Content starts

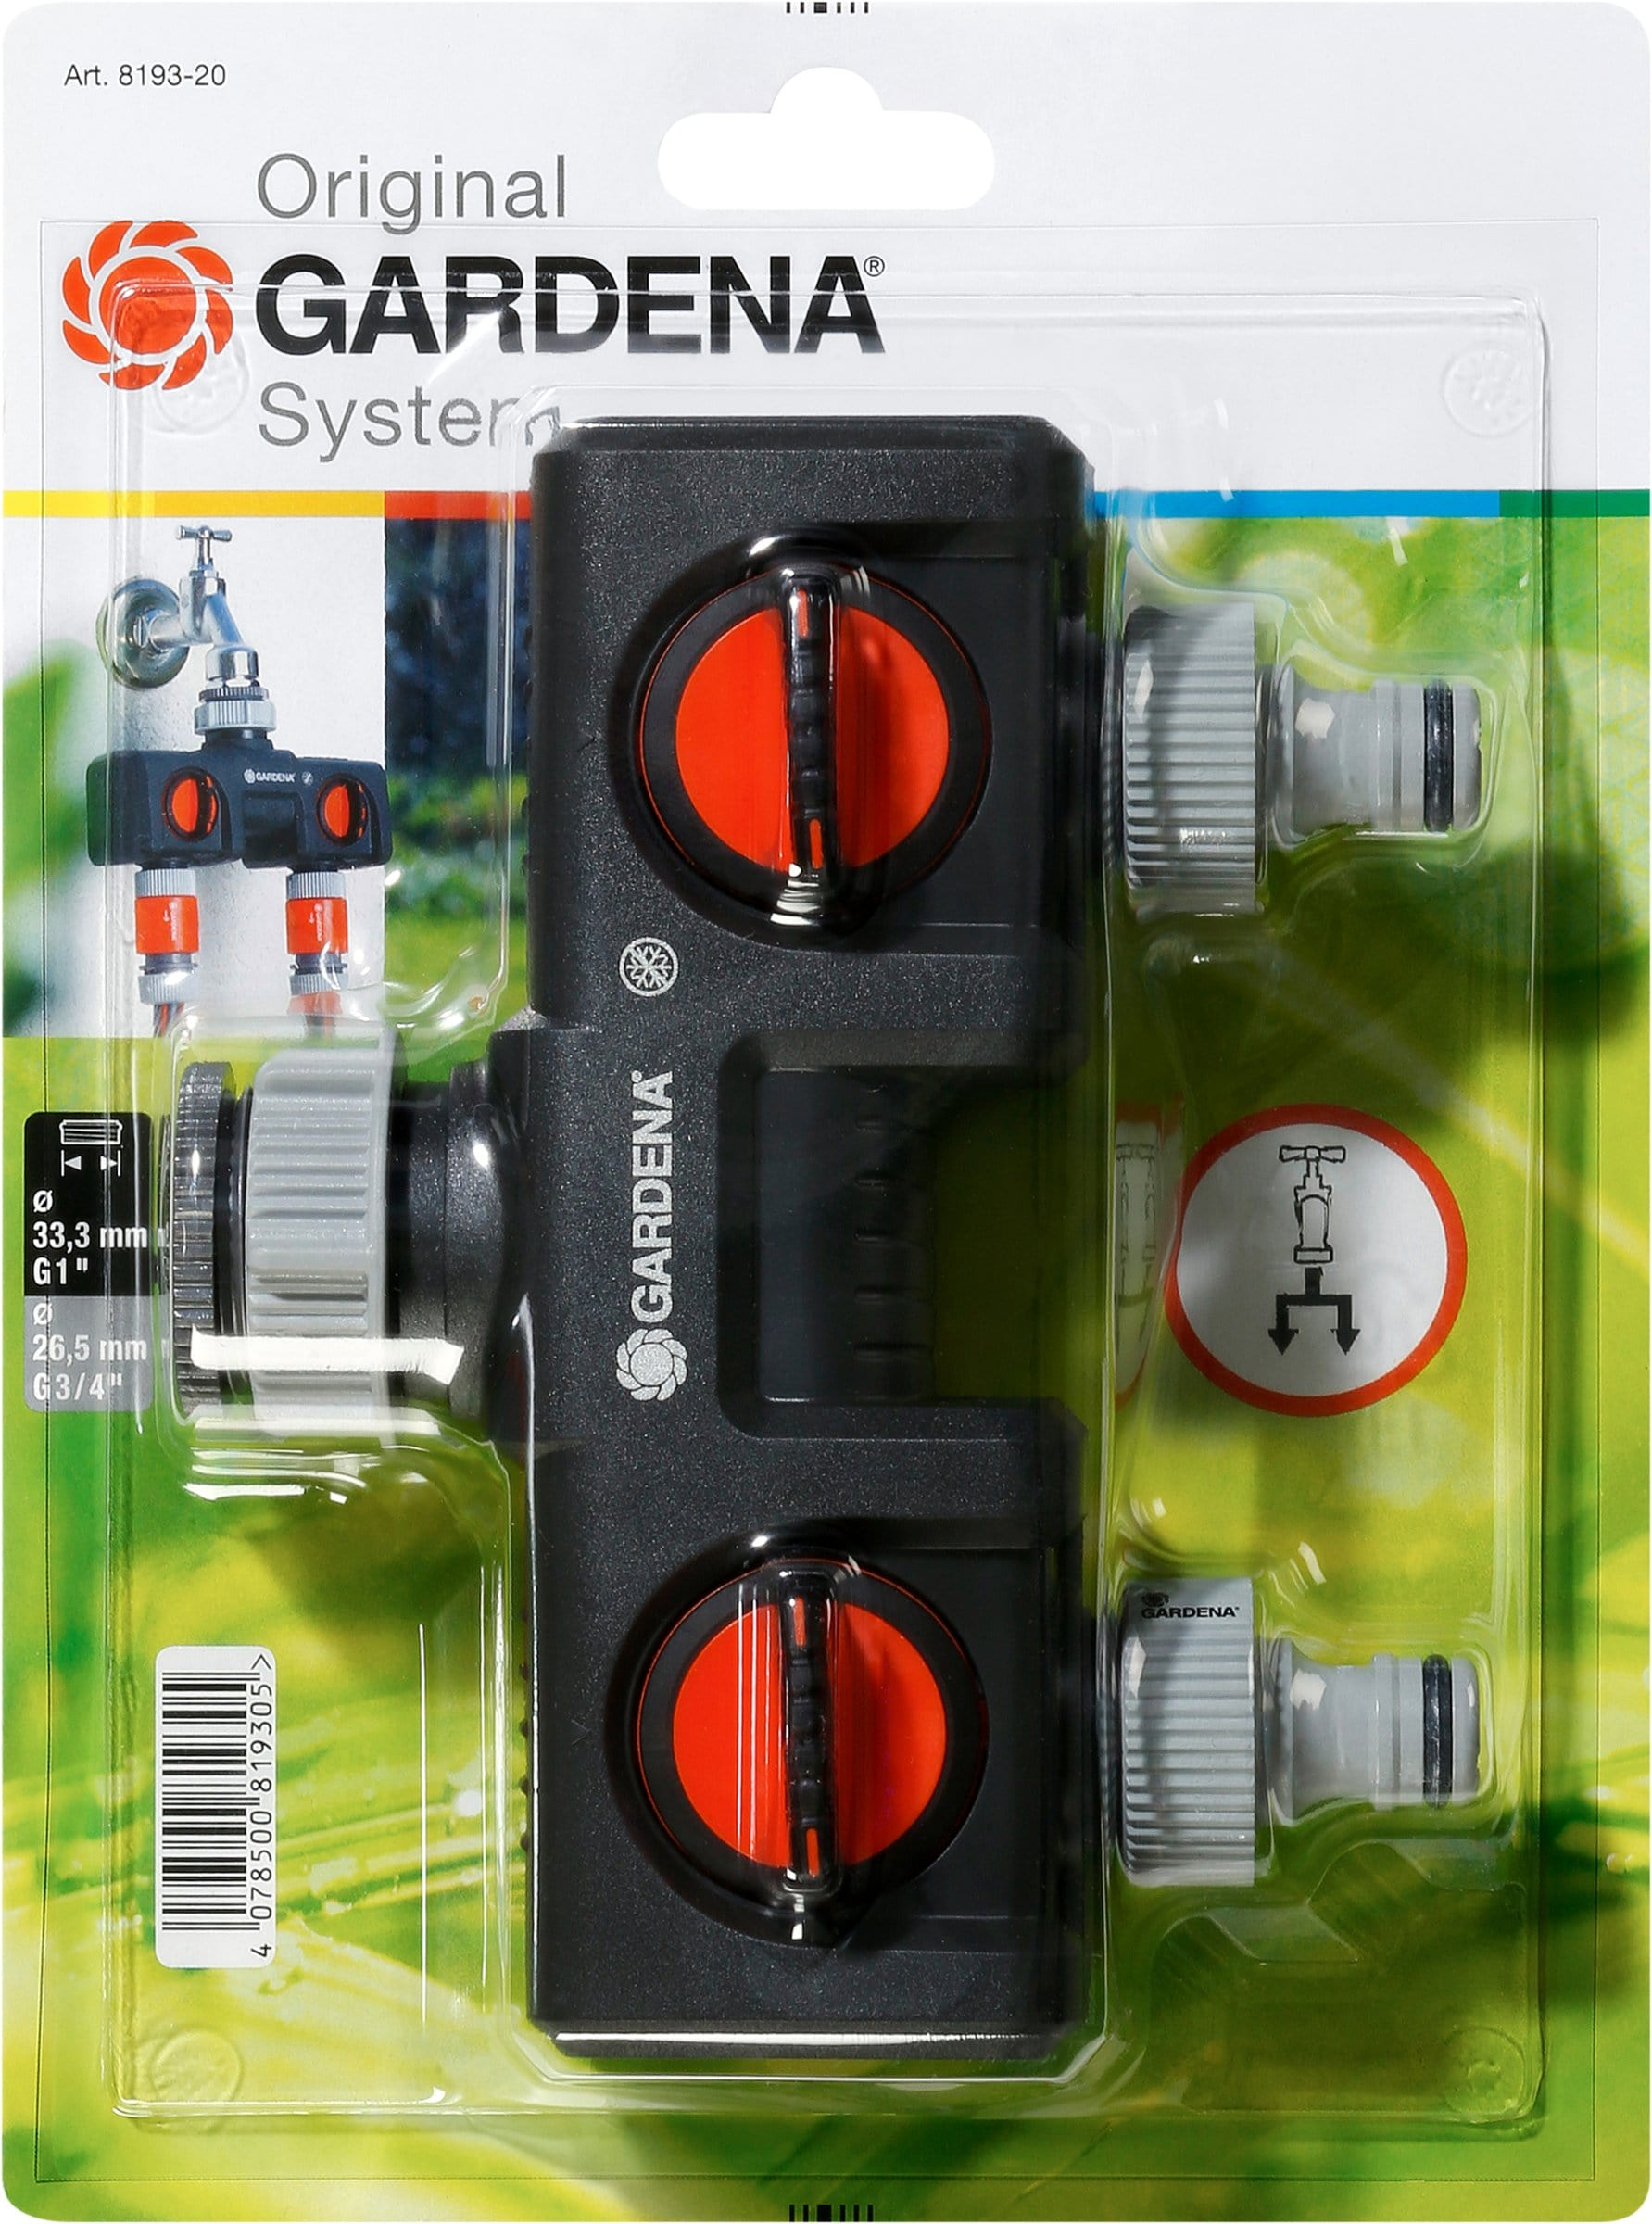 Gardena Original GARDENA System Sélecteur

Content ends
Content starts

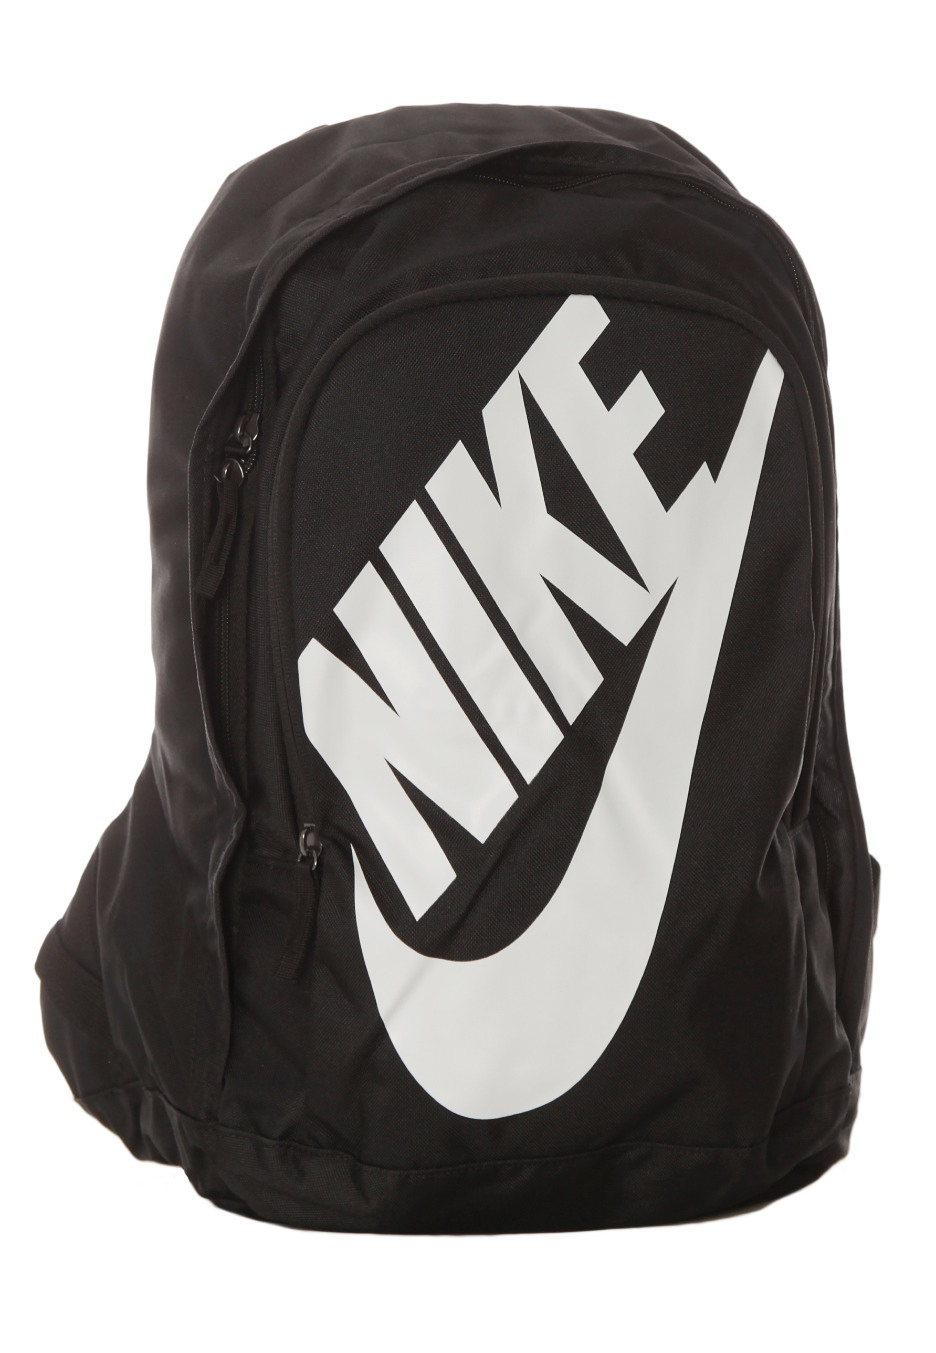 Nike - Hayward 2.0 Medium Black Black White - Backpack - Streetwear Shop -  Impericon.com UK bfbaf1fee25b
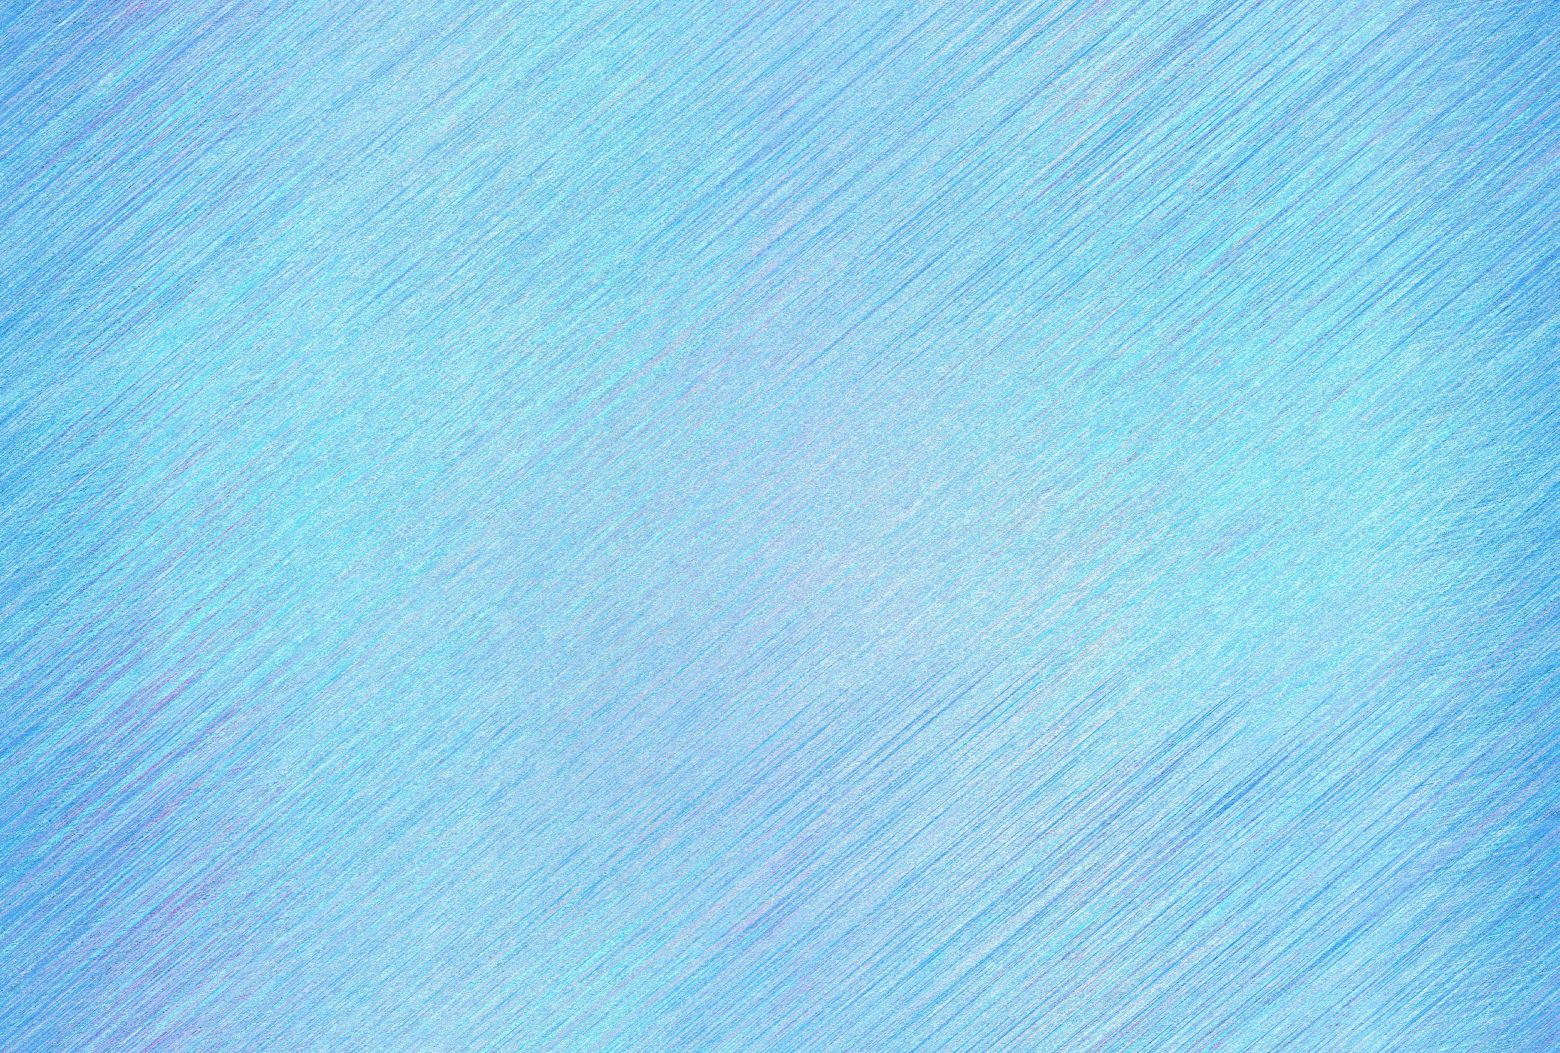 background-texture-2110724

Content ends
Content starts

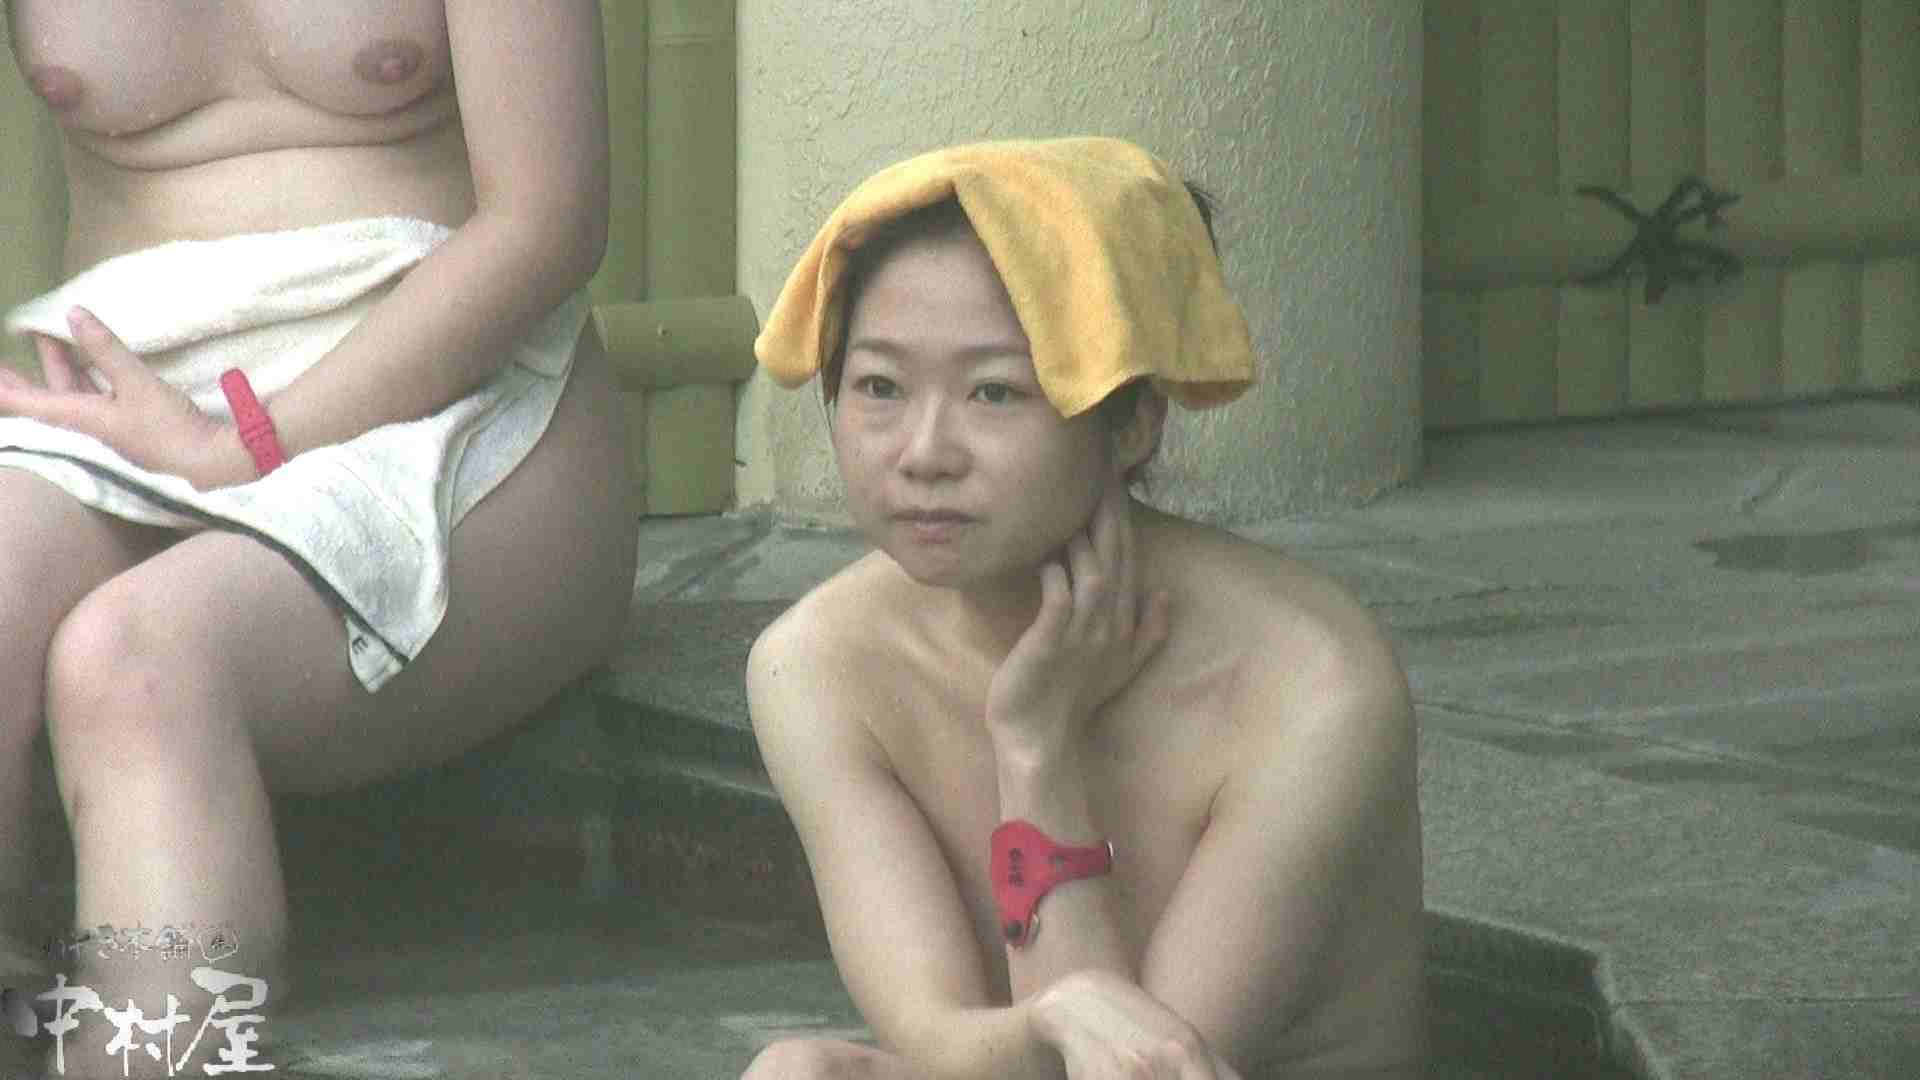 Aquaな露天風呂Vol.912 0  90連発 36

Content ends

Exercise aim: Take the material above from the line bearing "Nike - Hayward" through the line bearing "background-texture-2110724" and write it out exactly, both end lines included. Pictures stay out.

Exercise answer:
 Nike - Hayward 2.0 Medium Black Black White - Backpack - Streetwear Shop -  Impericon.com UK bfbaf1fee25b
 background-texture-2110724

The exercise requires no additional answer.